Defining the causes of the U.S. armed intervention in Soviet Russia in mid-1918, the authors note that Wilson was against any interference in Russia’s internal affairs. U.S. troops landed in Russia’s North and Siberia under British and French pressure. The aim of the American intervention was to restore the Eastern Front, protect the property of the United States and its allies in Russia, stabilize the “democratic regimes” where it existed and transport the Czech Legion to France. But only the latter was successful, the authors stress.

Analyzing Wilson’s actions to resolve the “Russian problem” during the Paris Peace Conference in spring 1919, the scholars point to the President’s initiatives aimed at halting hostilities and normalizing the situation in Russia. Initially, Wilson made a proposal to hold talks between the Bolsheviks and the anti-Bolshevik governments of Kolchak, Denikin and some others on the Prince Islands under Entente mediation. Only the Bolsheviks accepted the proposal.
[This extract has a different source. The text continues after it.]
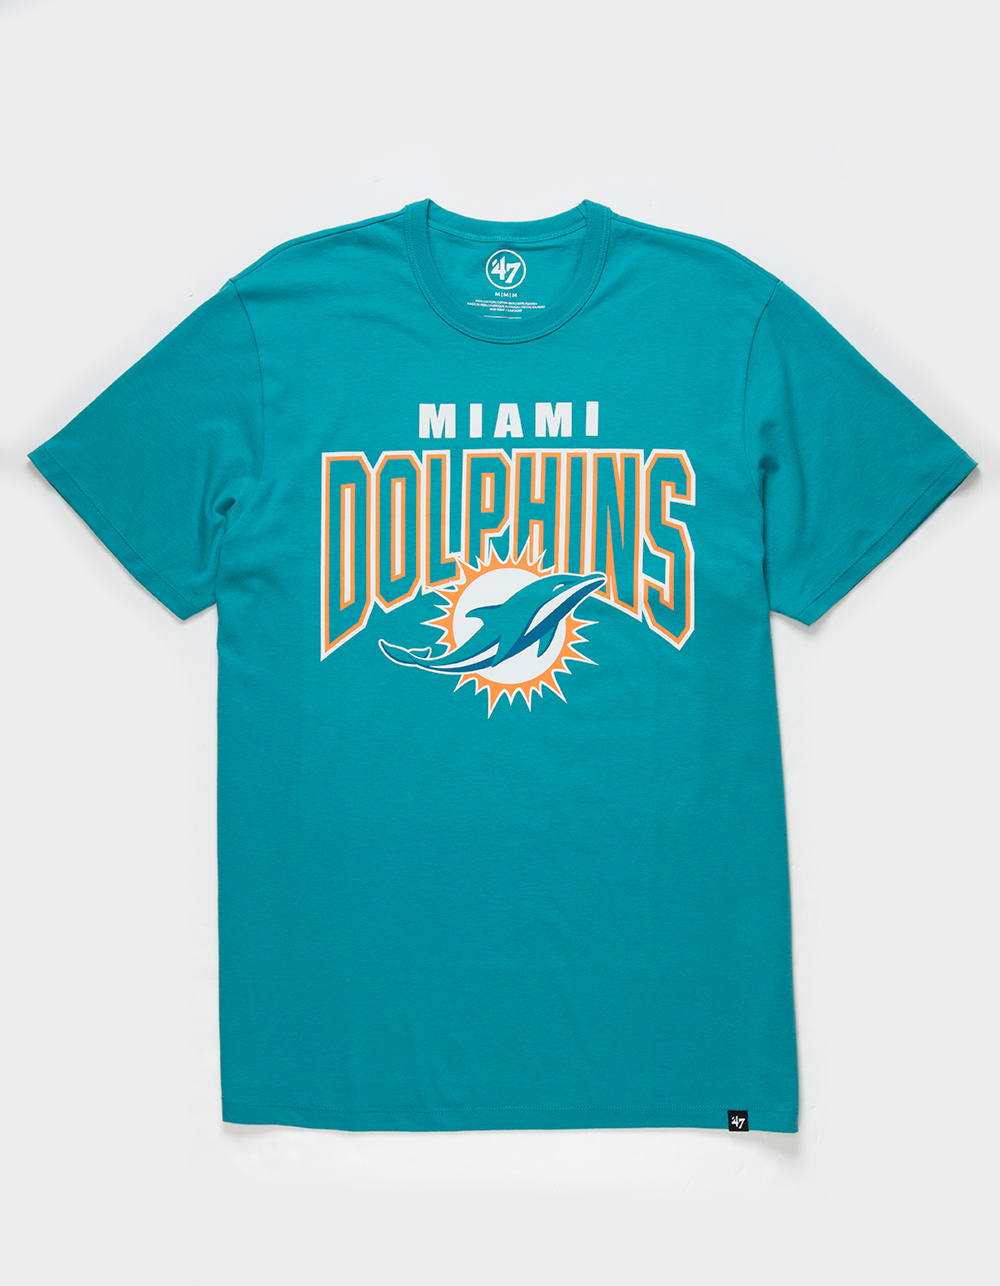 47 BRAND Miami Dolphins Mens Tee - TEAL BLUE

But the flop of the peace talks initiative did not stop Wilson – he sent an American envoy, William Bullitt, on a special mission to Moscow. Bullitt met with Bolshevik leaders but they failed to come to any agreement. The authors explain the fiasco of Wilson’s peace initiatives by the fact that the alignment of forces in Russia had by then radically changed in favor of the Bolsheviks. By 1920, Davis and Trani write, Wilson did not have any illusion that the Bolshevik regime could be reformed. The Entente powers had fully realized the logic of developments in Russia and started curtailing the intervention and evacuating their troops. The Unites States was no exception. When the troops of Admiral Kolchak — Washington’s last hope — were routed and the Admiral was shot by his executioners, the Wilson Administration’s illusions about restoring democratic government in Russia vanished completely. As a result, America had taken the course of refusing to recognize Soviet power under any circumstances. It was against this scenario that, on August 9, 1920, a note by State Secretary Bainbridge Colby was issued; and that note, in the authors’ view, was the starting point of the “First Cold War”. A diplomatic quarantine was actually imposed on Bolshevik Russia and political technologies that would later become inalienable attributes of the Cold War were put in motion.
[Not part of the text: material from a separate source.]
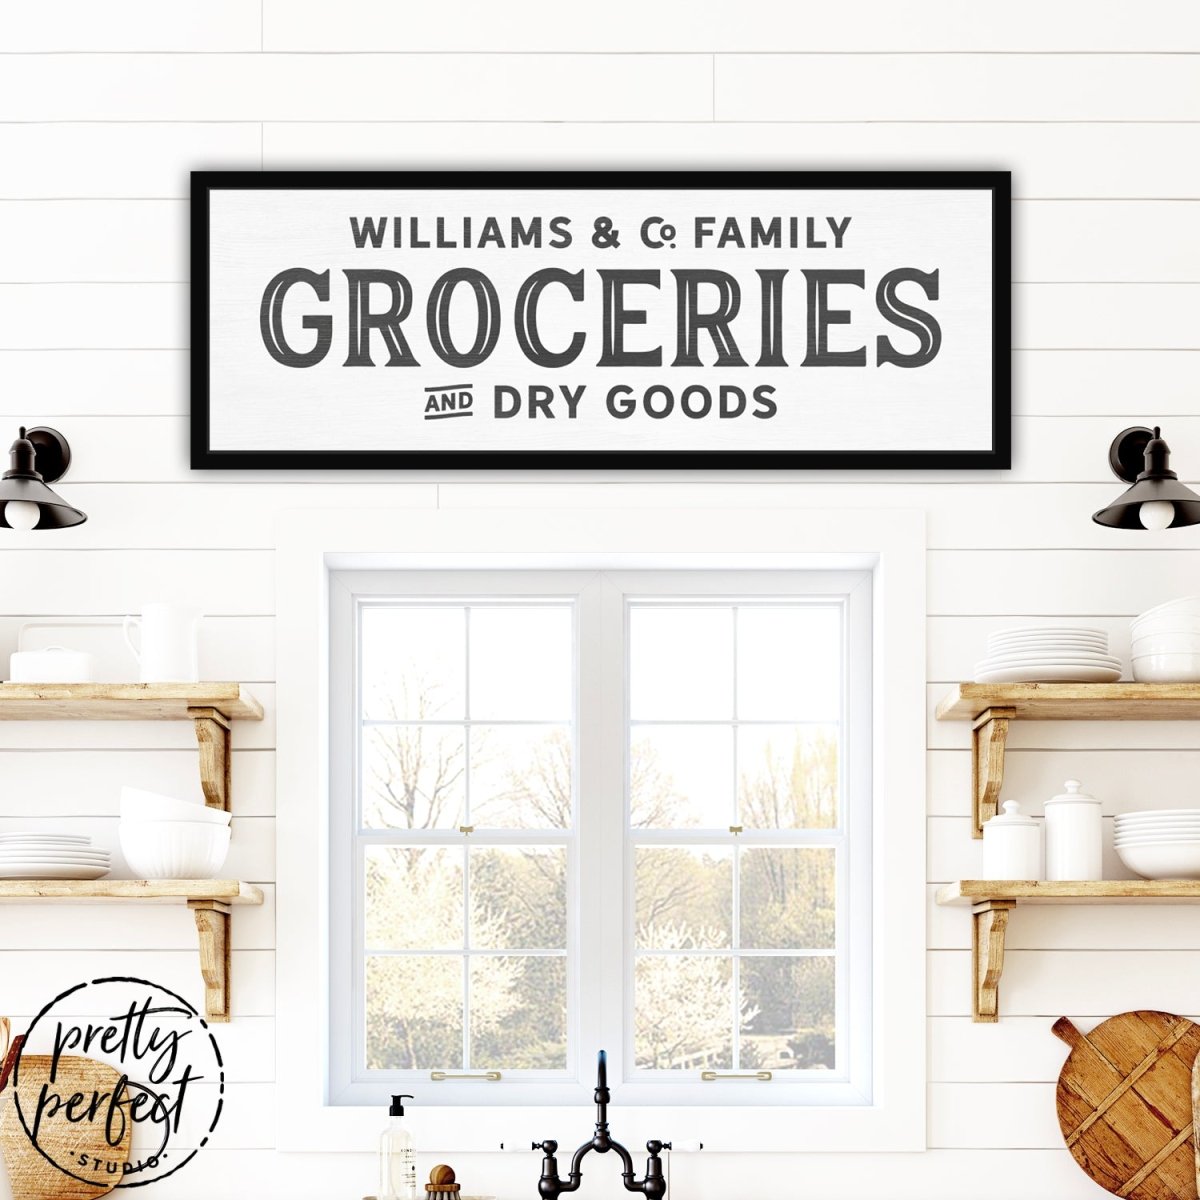 Personalized Family Grocery Sign Hanging Above Window in Kitchen - Pretty Perfect Studio

But the U.S. refusal to recognize the Soviet Union diplomatically is not the only reason for calling the American-Russian relations of that period the “First Cold War”. Wilson’s and his associates’ firm belief that a spreading Bolshevik influence posed a danger, and Washington’s desire to contain the Bolshevik ideas within the boundaries of one country pointed to a major cooling in American-Russian relations. It is quite safe to say that a confrontation between two systems with different economic, social and political setups began.
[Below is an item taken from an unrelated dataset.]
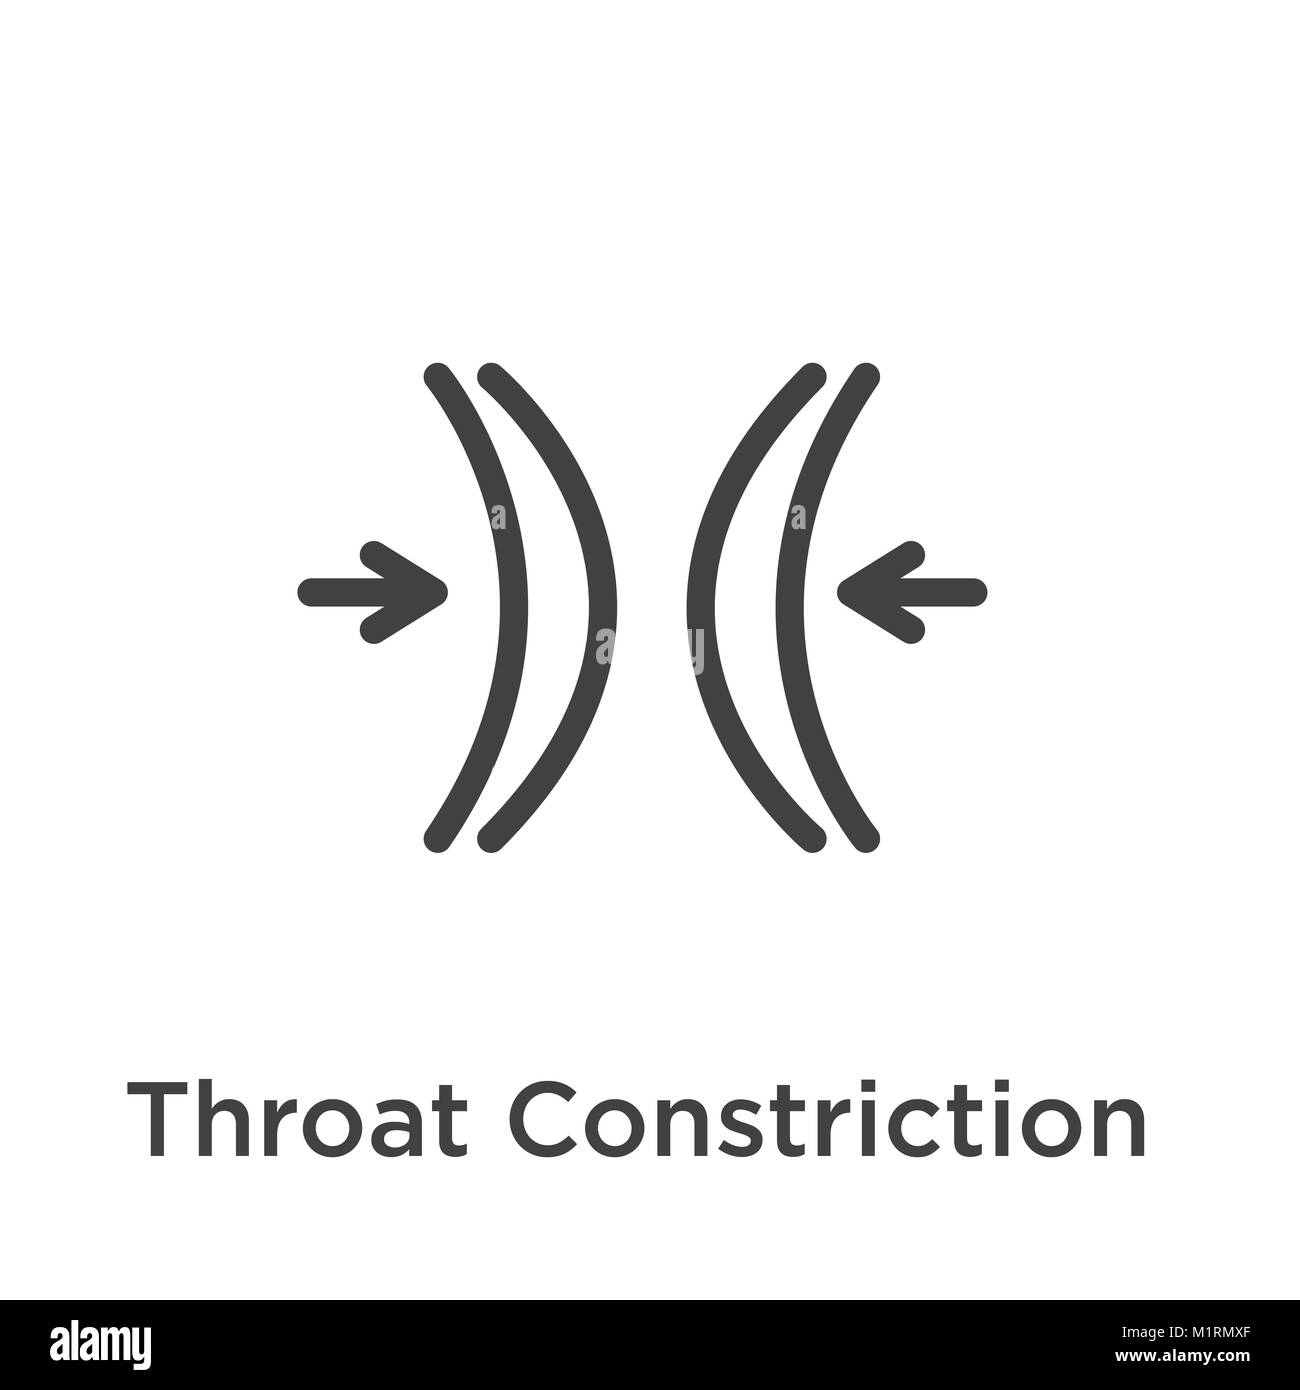 Throat Constriction with Pain & Trouble Breathing through the Air Way or Airway Stock Vector

Subsequent Republican administrations followed the course of isolating the Soviet Union. It was as late as 1933 that President Roosevelt finally recognized the Soviet Union. The authors are inclined to believe that Wilson’s “Soviet policy” had a powerful impact on the shaping of the Truman Administration’s course.

Drawing an analogy between the American-Soviet relations of the 1920s and those of the second half of the 20th century, the authors do not take into account the specifics of the international situation and Russia’s home affairs. When the Versailles system of international relations was taking shape in the early 1920s, the world was multi-polar and Soviet Russia’s leaders adhered to an extreme radical idea – the idea of world revolution. But after World War II a bipolar model of international relations had formed and both superpowers started pursuing imperial foreign policies, rivaling for spheres of world influence. Correspondingly, in the 1920s Wilson merely sought to isolate Bolshevik Russia, whereas in the late 1940s President Truman launched a struggle against the Soviet Union for world hegemony. It is different end goals that comprise a major distinction between Davis’ and Trani’s “First Cold War” and the commonly known Cold War.

Despite its minor drawbacks, Davis’ and Trani’s book will undoubtedly evoke a lively reader response and will find a prominent place among publications dealing with the dramatic events of the first decades of the 20th century.